You may revoke your proxy at any time before it is voted by notifying the Secretary in writing, by returning a signed proxy with a later date, by transmitting a subsequent vote over the Internet or by telephone prior to the close of the Internet voting facility or the telephone voting facility, or by attending the Annual Meeting and voting in person. If your stock is held in street name, you must contact your broker or nominee for instructions as to how to change your vote.

How is a quorum reached?

The presence, in person or by proxy, of holders of at least a majority of the total number of outstanding shares entitled to vote is necessary to constitute a quorum for the transaction of business at the Annual Meeting. Abstentions and "broker non-votes" (i.e., shares represented at the Annual Meeting held by brokers, bankers or other nominees as to which instructions have not been received from the beneficial owners or persons entitled to vote such shares and, with respect to one or more but not all issues, such brokers or nominees do not have discretionary voting power to vote such shares), if any, will be counted for purposes of determining whether a quorum is present for the transaction of business at the Annual Meeting.

What vote is required to approve each item?

Directors are elected by a plurality of votes cast (Proposal 1). A vote to withhold or a broker non-vote will have no direct effect on the outcome. A majority of the shares outstanding as of the record date is necessary for approval of the Reverse Stock Split (Proposal 2) and for the amendment to the Company’s restated certificate of incorporation to decrease the total number of shares of common stock that the Company is authorized to issue from 250,000,000 shares to 85,000,000 shares (Proposal 3). Abstentions and broker non-votes will have the effect of a negative vote on Proposal 2 and Proposal 3. A majority of votes cast is necessary for ratification of the selection of Ernst & Young LLP as the Company's independent registered public accounting firm for the fiscal year ending December 31, 2019 (Proposal 4). A vote to abstain will have no direct effect on the outcome.

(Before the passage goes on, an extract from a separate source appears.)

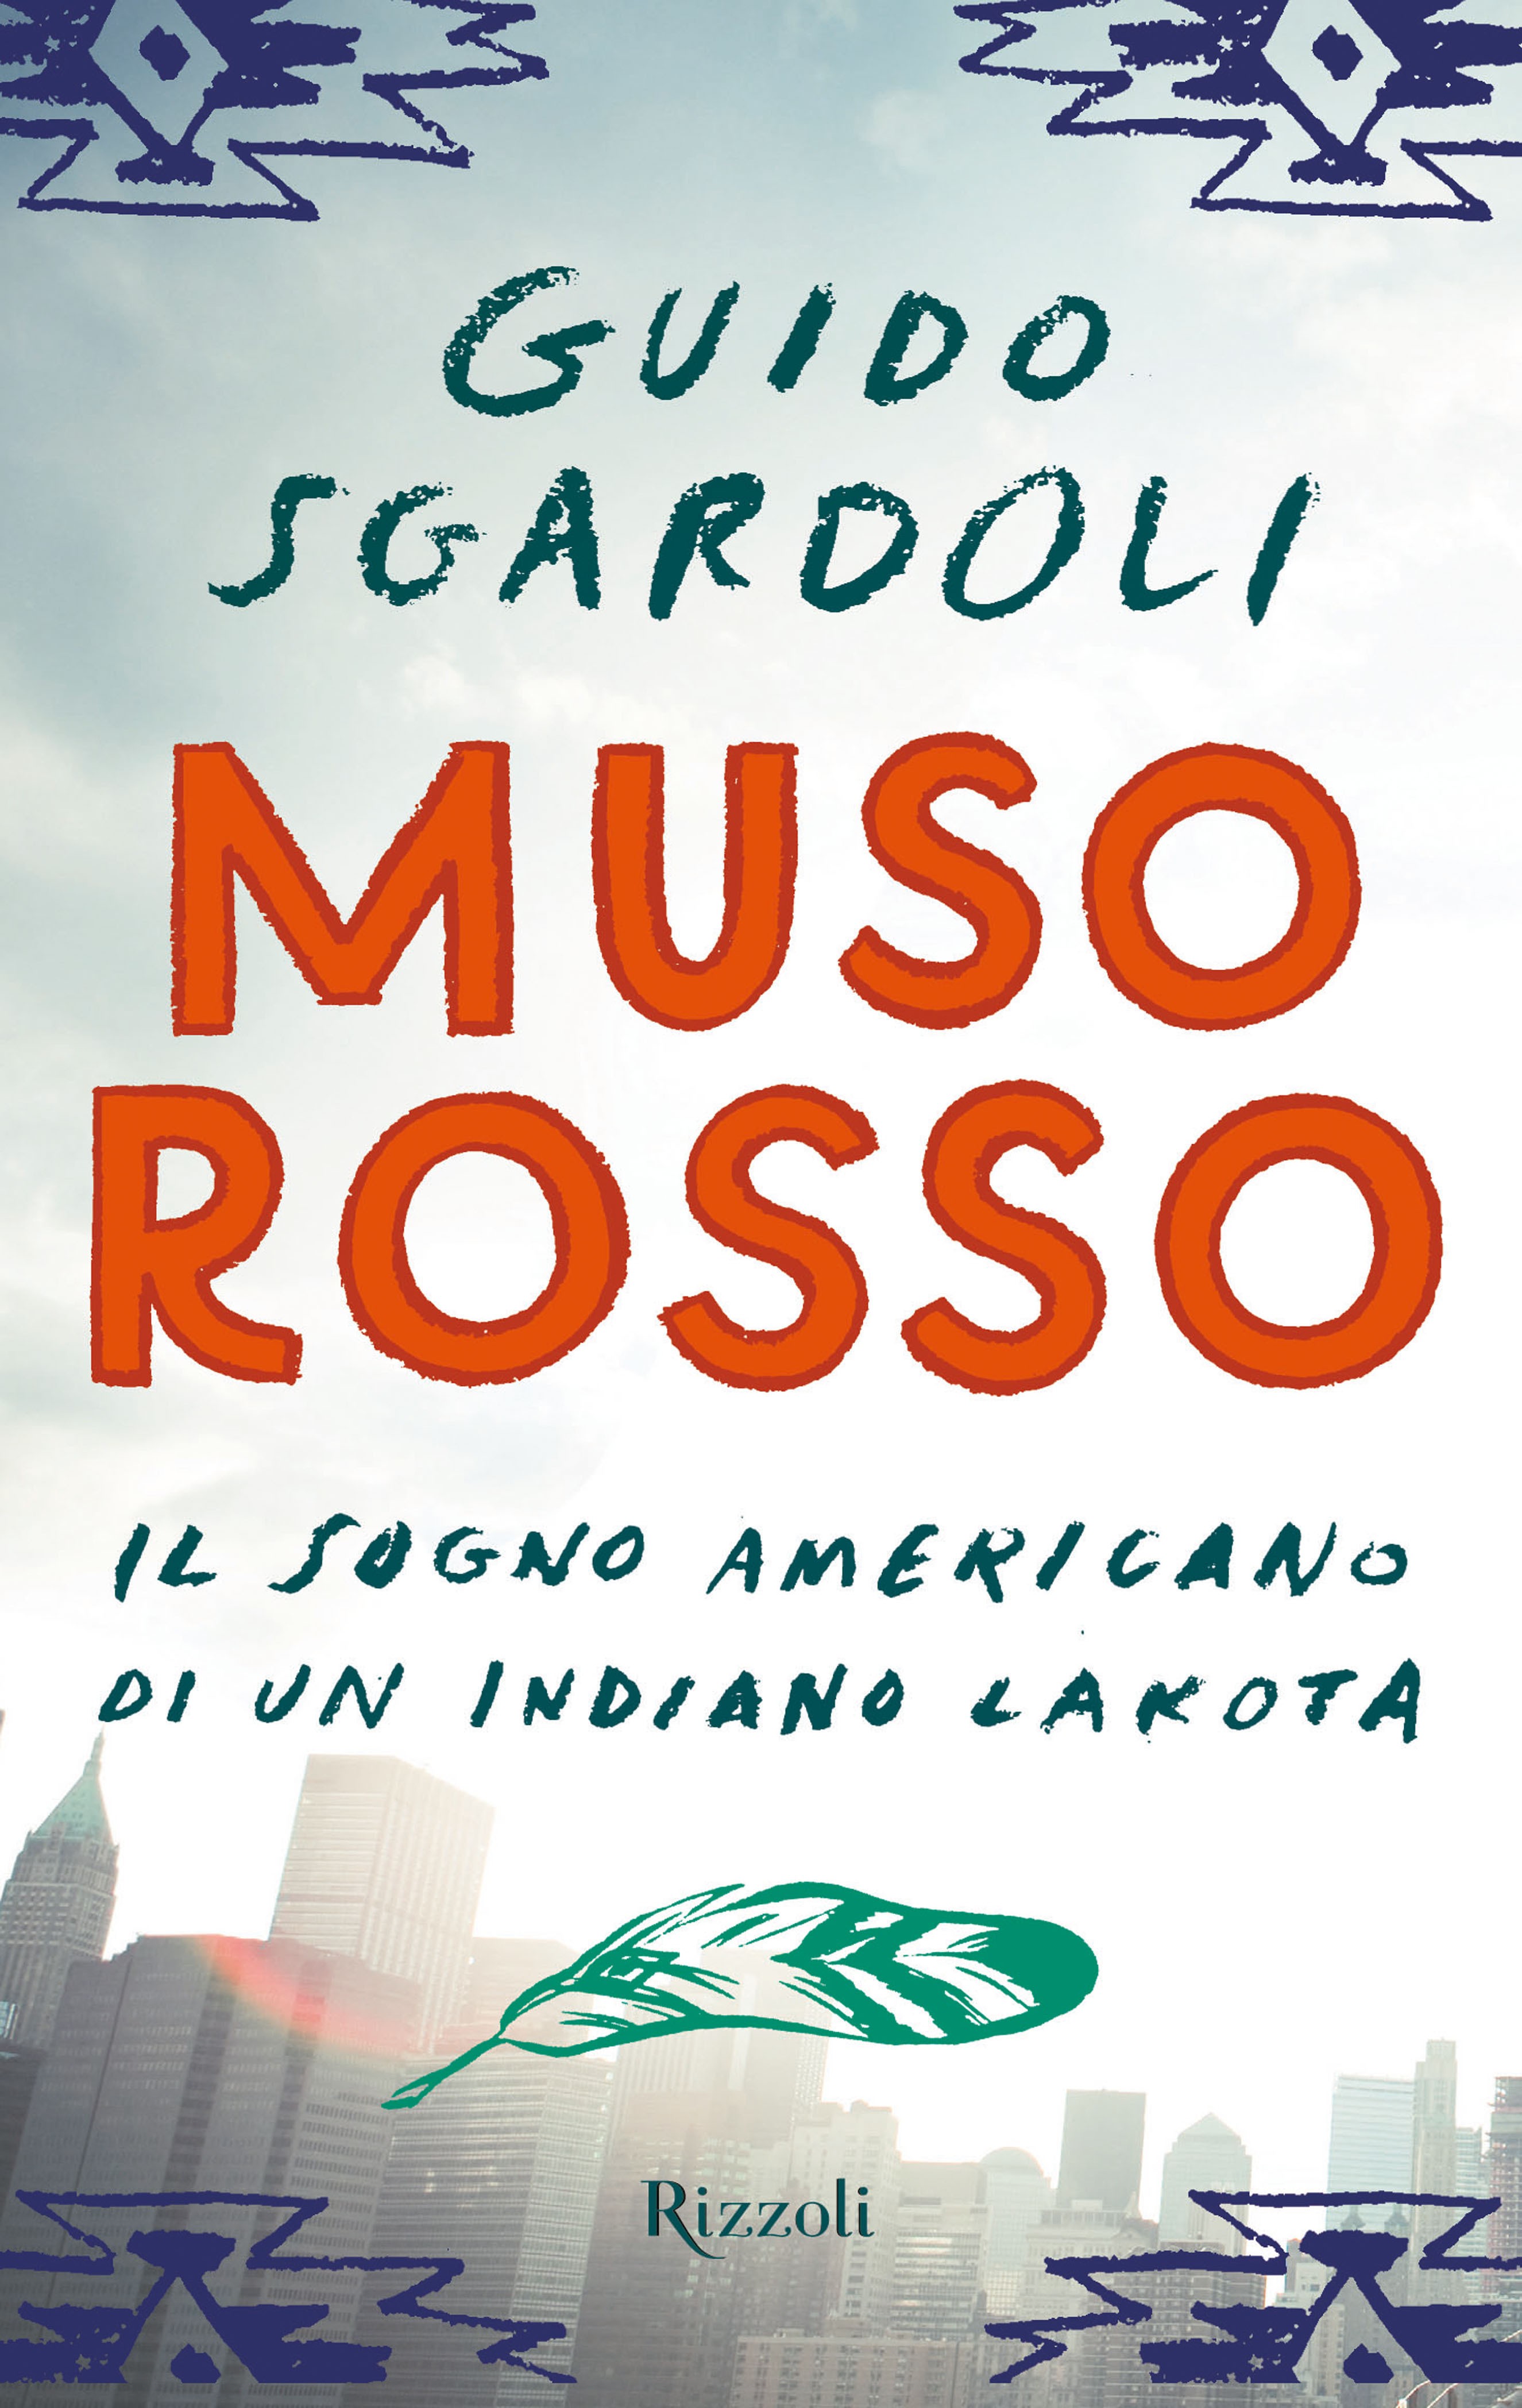 Muso Rosso - Librerie.coop

If there are insufficient votes to approve these proposals, your proxy may be voted by the persons named in the proxy card to adjourn the Annual Meeting in order to solicit additional proxies in favor of the approval of such proposals. If the Annual Meeting is adjourned or postponed for any purpose, at any subsequent reconvening of the Annual Meeting, your proxy will be voted in the same manner as it would have been voted at the original convening of the Annual Meeting unless you withdraw or revoke your proxy.

Could other matters be decided at the Annual Meeting?

Genocea does not know of any other matters that may be presented for action at the Annual Meeting. Should any other business come before the Annual Meeting, the persons named on the enclosed proxy will have discretionary authority to vote the shares represented by such proxies in accordance with their best judgment. If you hold shares through a broker, bank or other nominee as described above, they will not be able to vote your shares on any other business that comes before the Annual Meeting unless they receive instructions from you with respect to such matter.

What happens if the Annual Meeting is postponed or adjourned?

Your proxy may be voted at the postponed or adjourned Annual Meeting. You will still be able to change your proxy until it is voted.

What does it mean if I receive more than one proxy card or voting instruction form?

It means that you have multiple accounts at the transfer agent or with brokers. Please complete and return all proxy cards or voting instruction forms to ensure that all of your shares are voted.

Who should I call if I have any additional questions?

If you hold your shares directly, please call Derek Meisner, Secretary, at 617-876-8191. If your shares are held in street name, please contact the telephone number provided on your voting instruction form or contact your broker or nominee holder directly.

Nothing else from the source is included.